## WORK TO COMPLETE
Repeat the data exactly as given below, dropping every picture.

## DATA SEGMENT
________________________________________

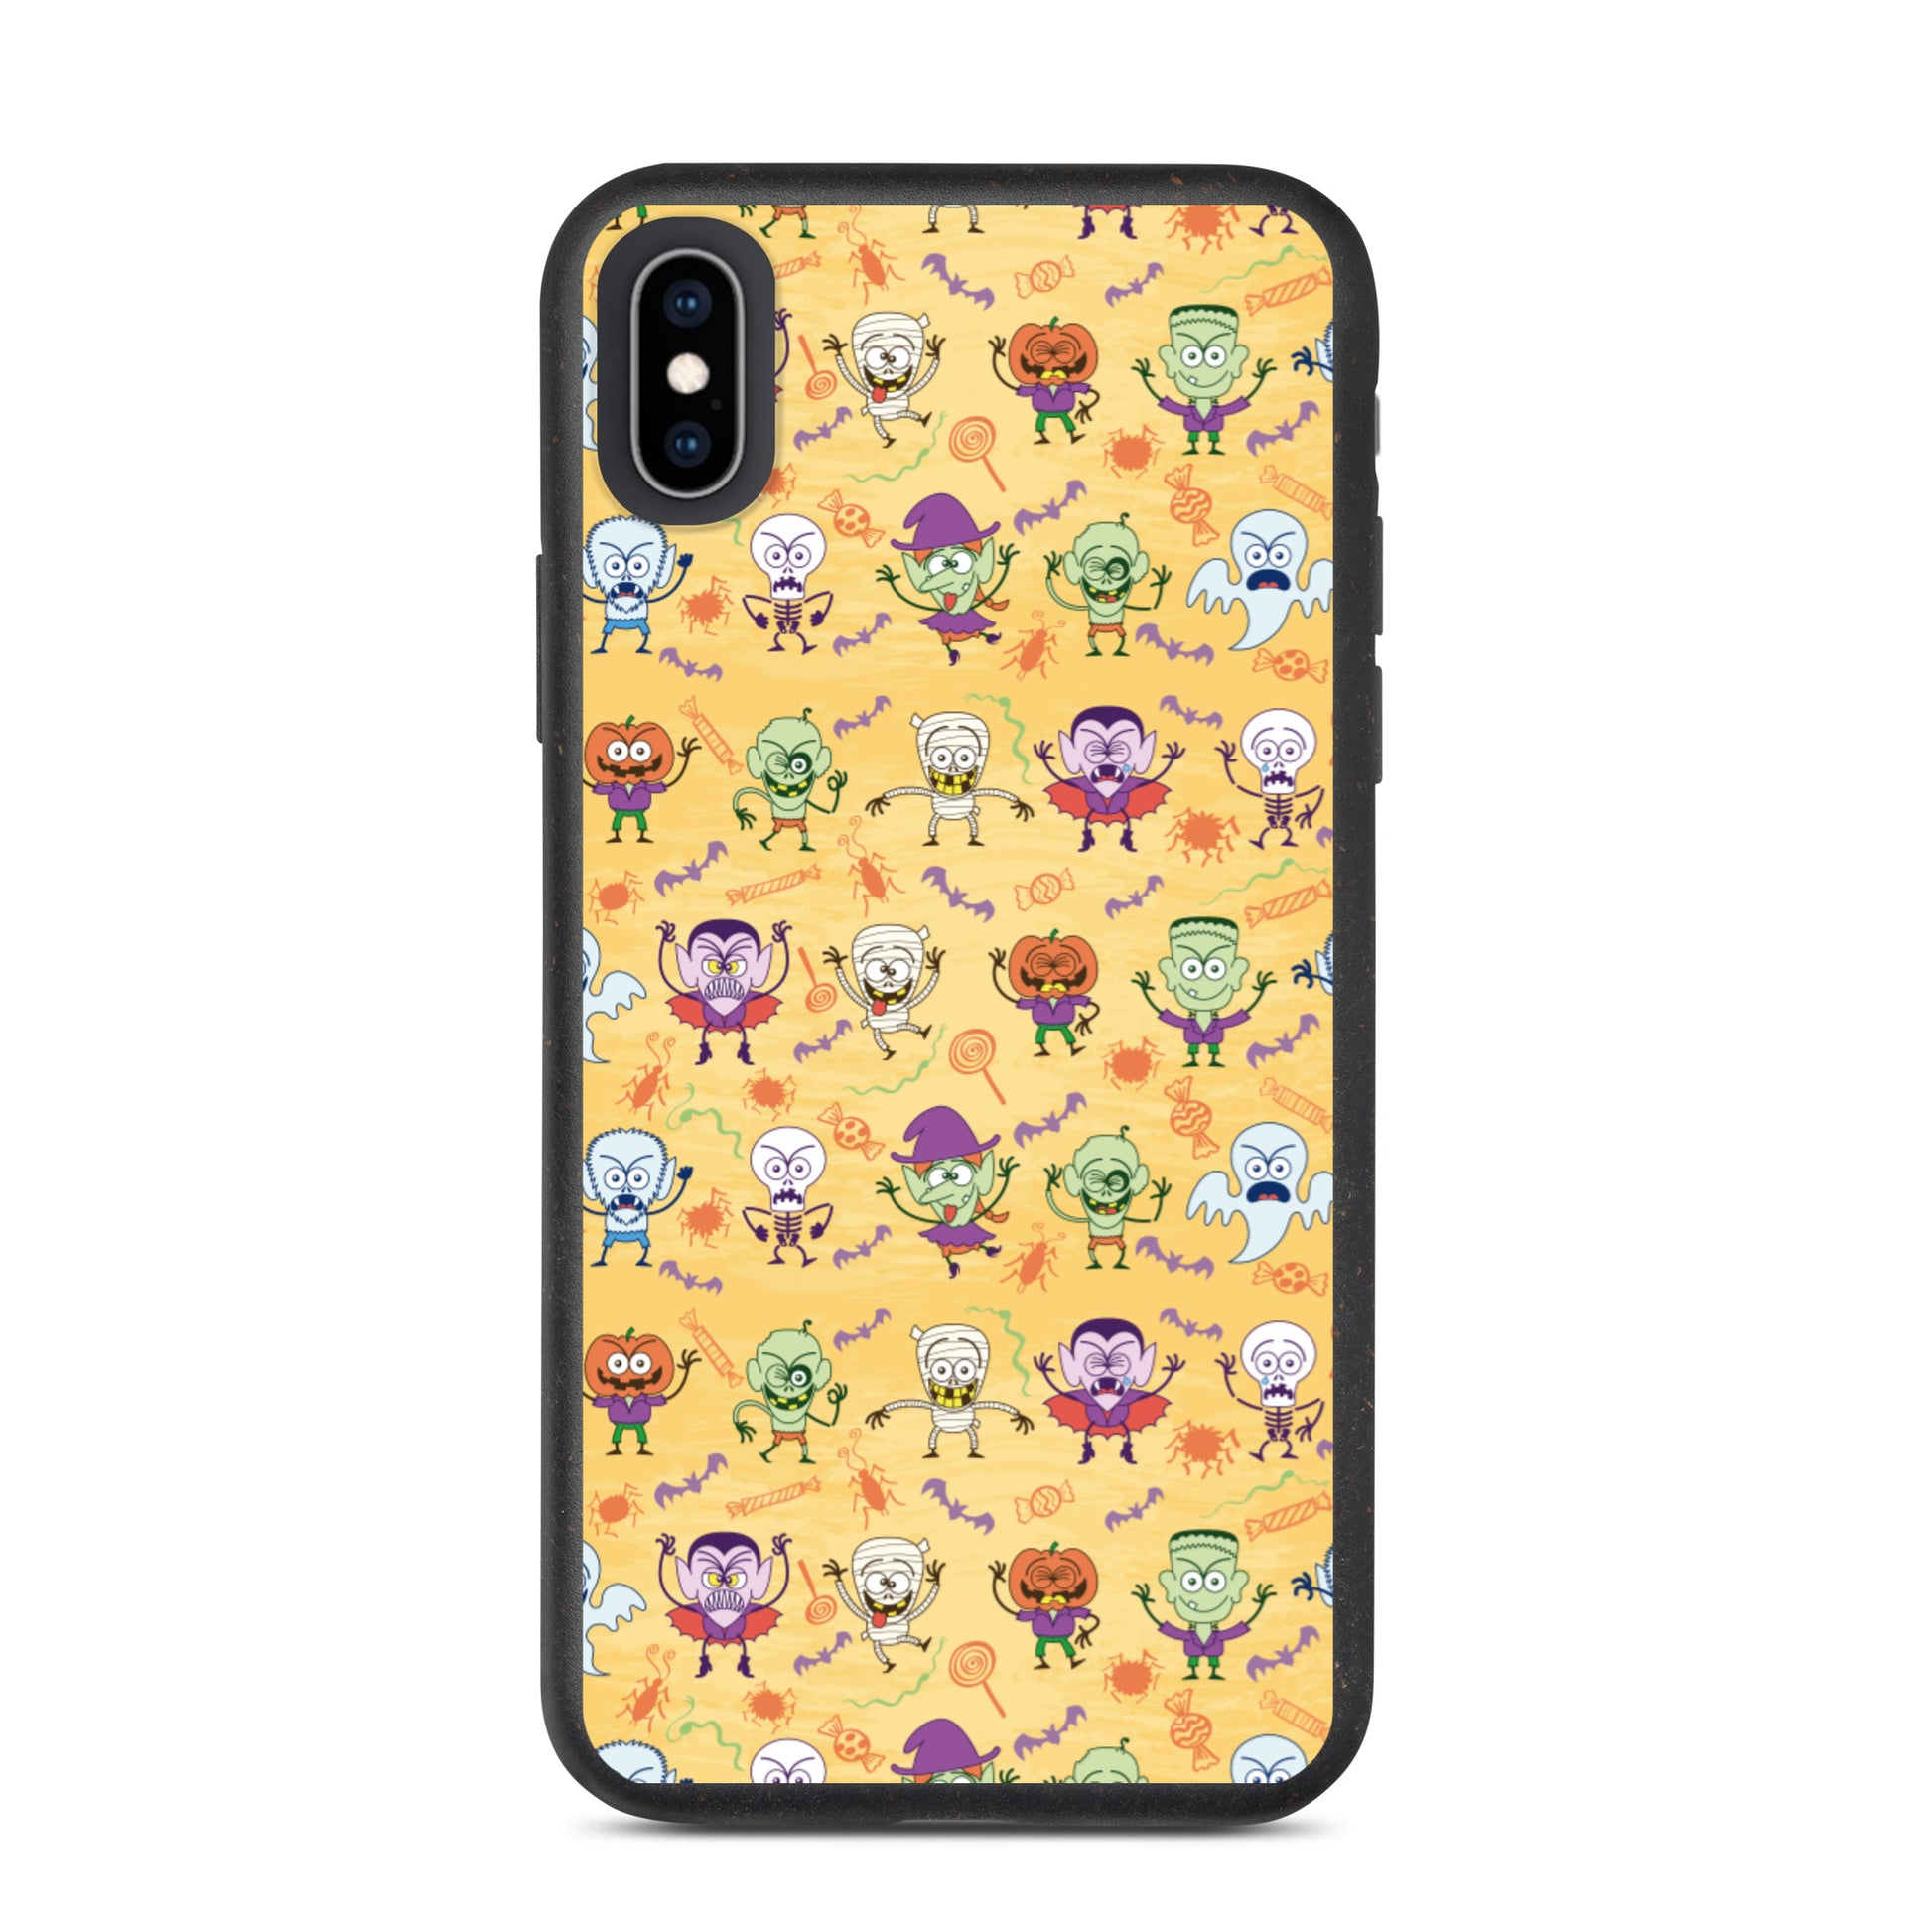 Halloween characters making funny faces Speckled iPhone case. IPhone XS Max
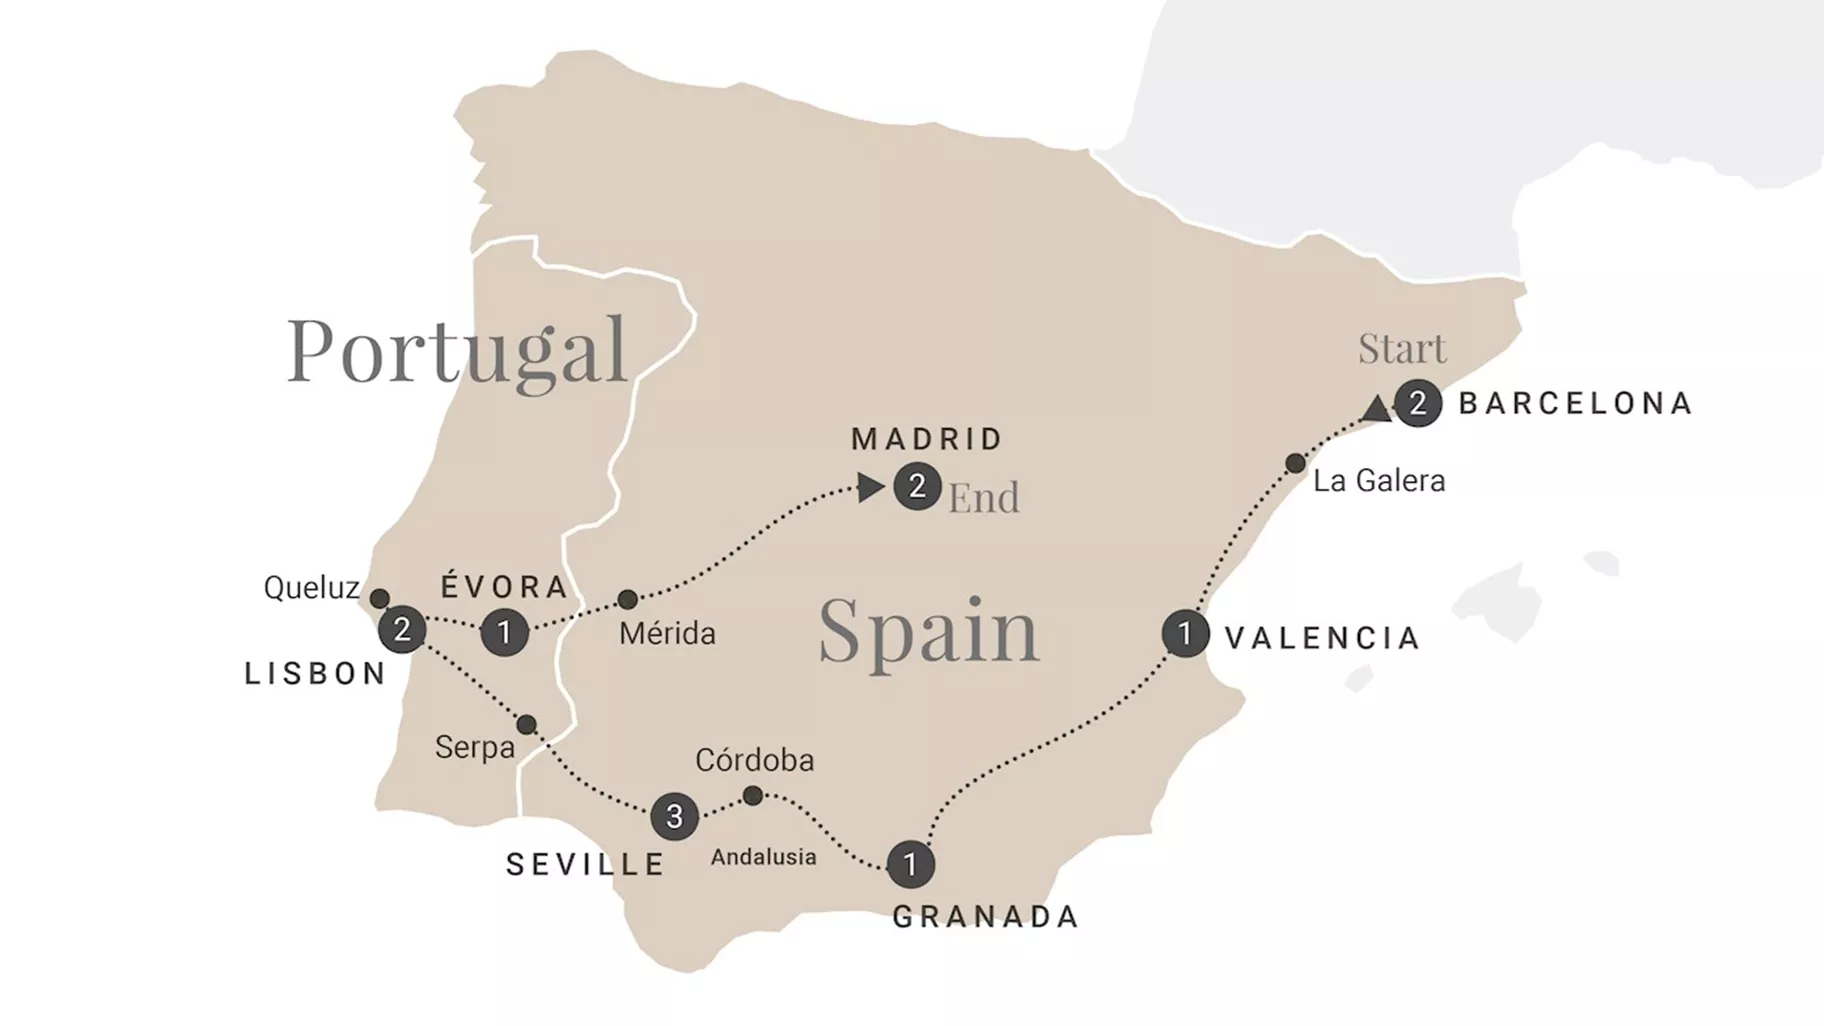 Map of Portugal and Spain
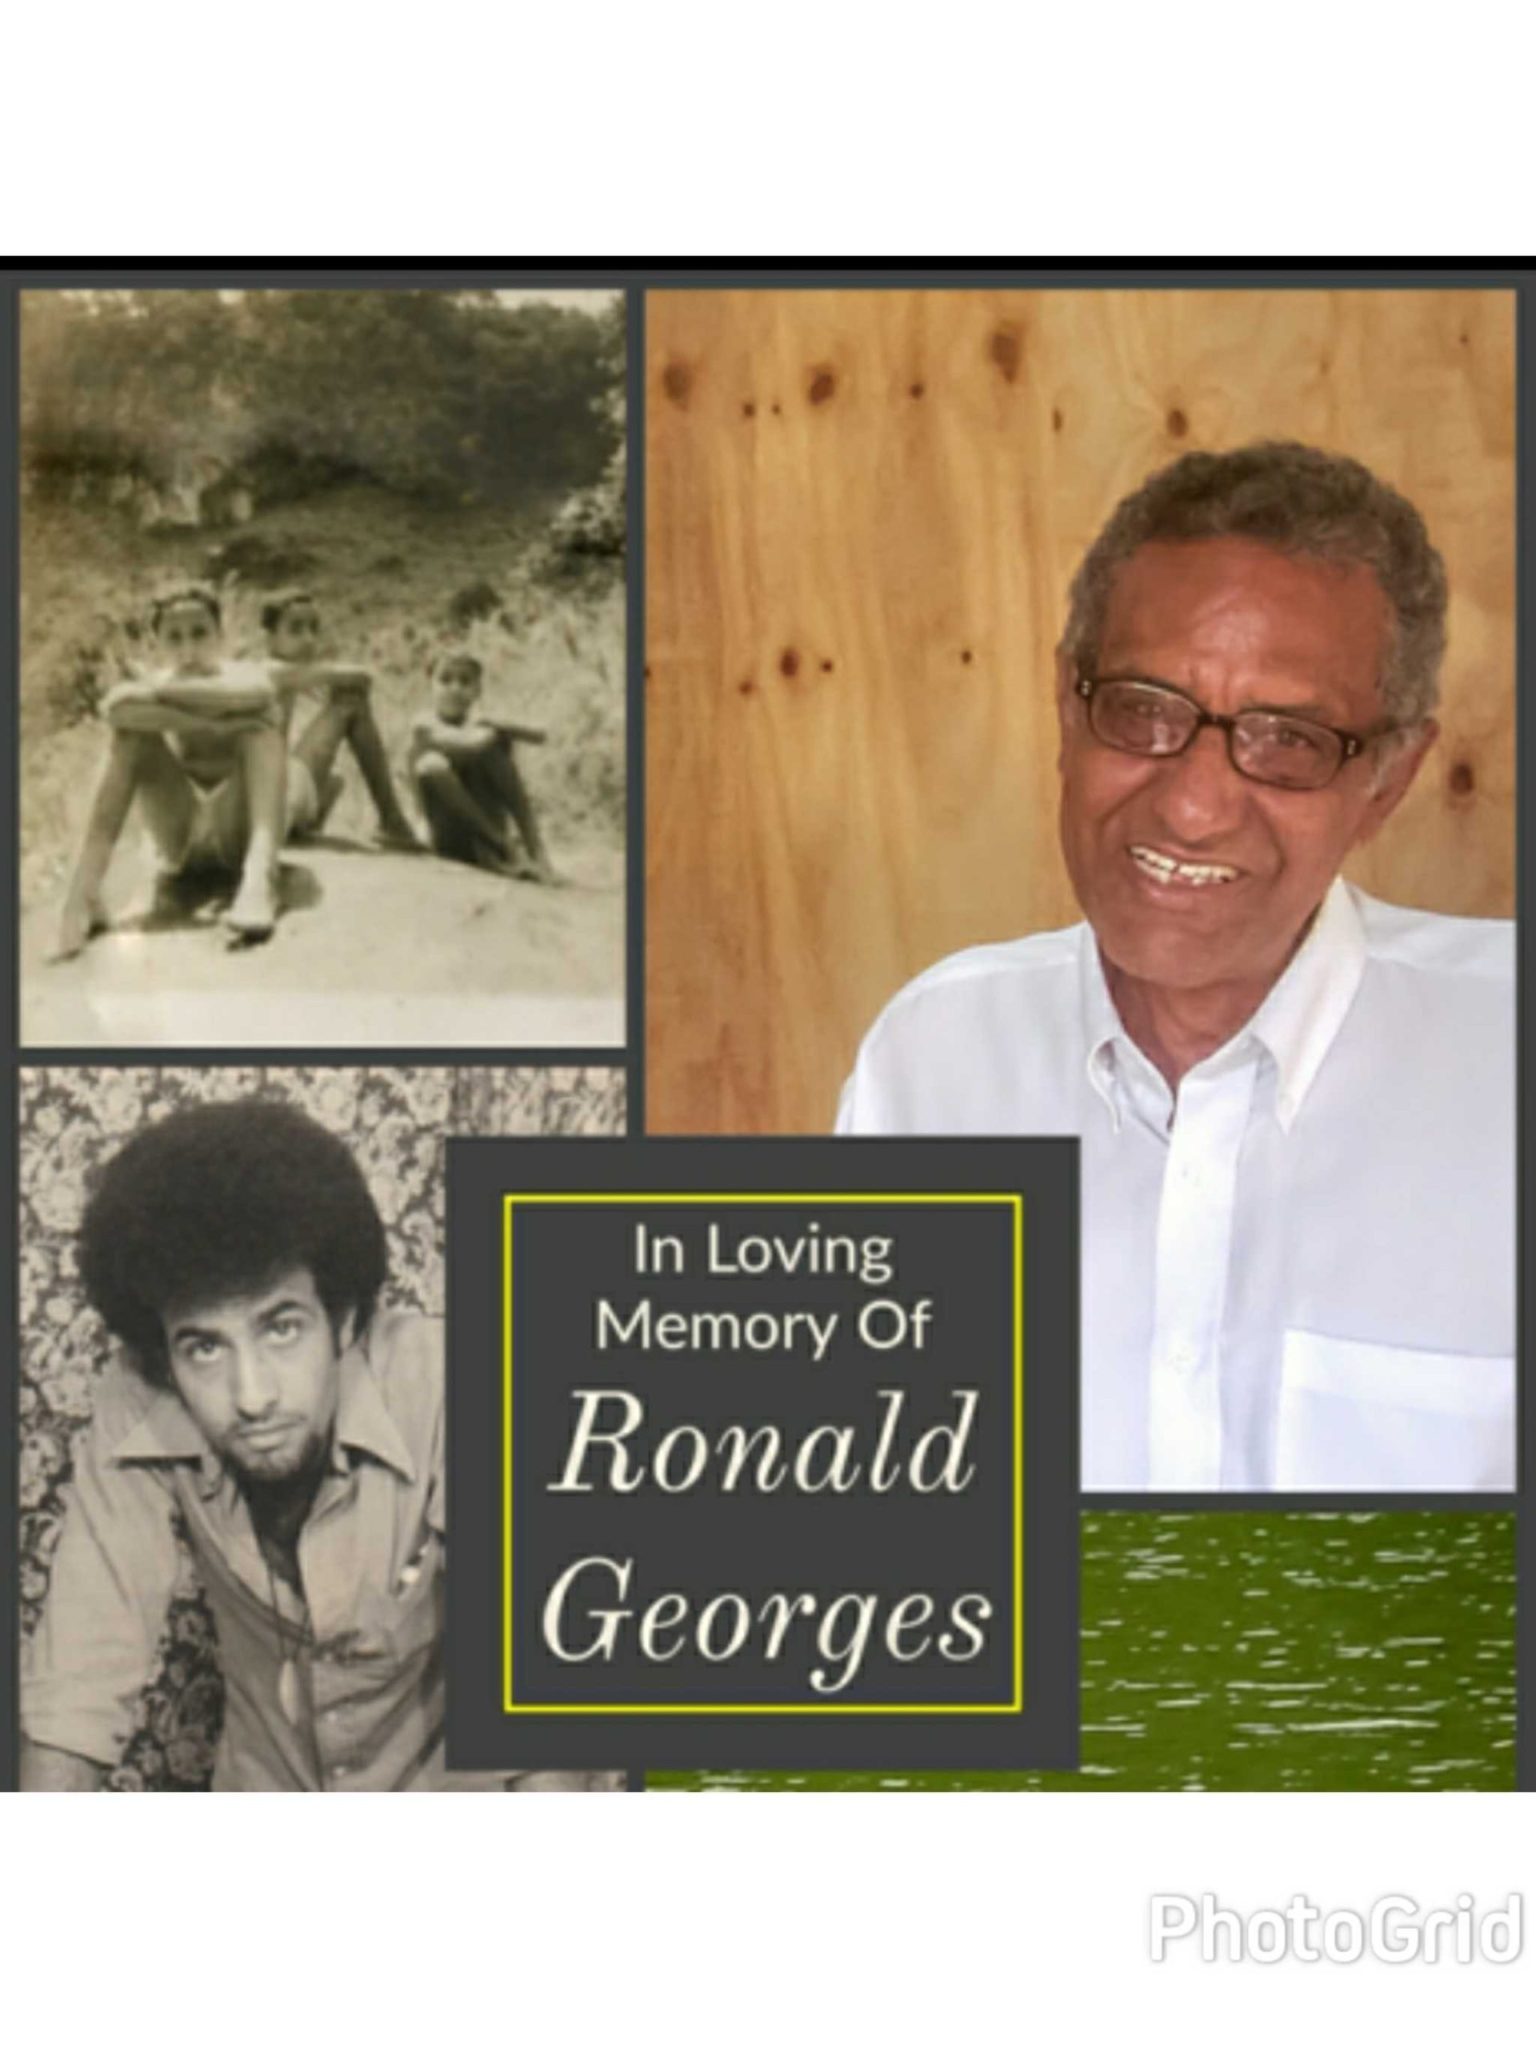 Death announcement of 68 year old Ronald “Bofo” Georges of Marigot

________________________________________

## RESPONSE BOX
 Halloween characters making funny faces Speckled iPhone case. IPhone XS Max
 Map of Portugal and Spain
 Death announcement of 68 year old Ronald “Bofo” Georges of Marigot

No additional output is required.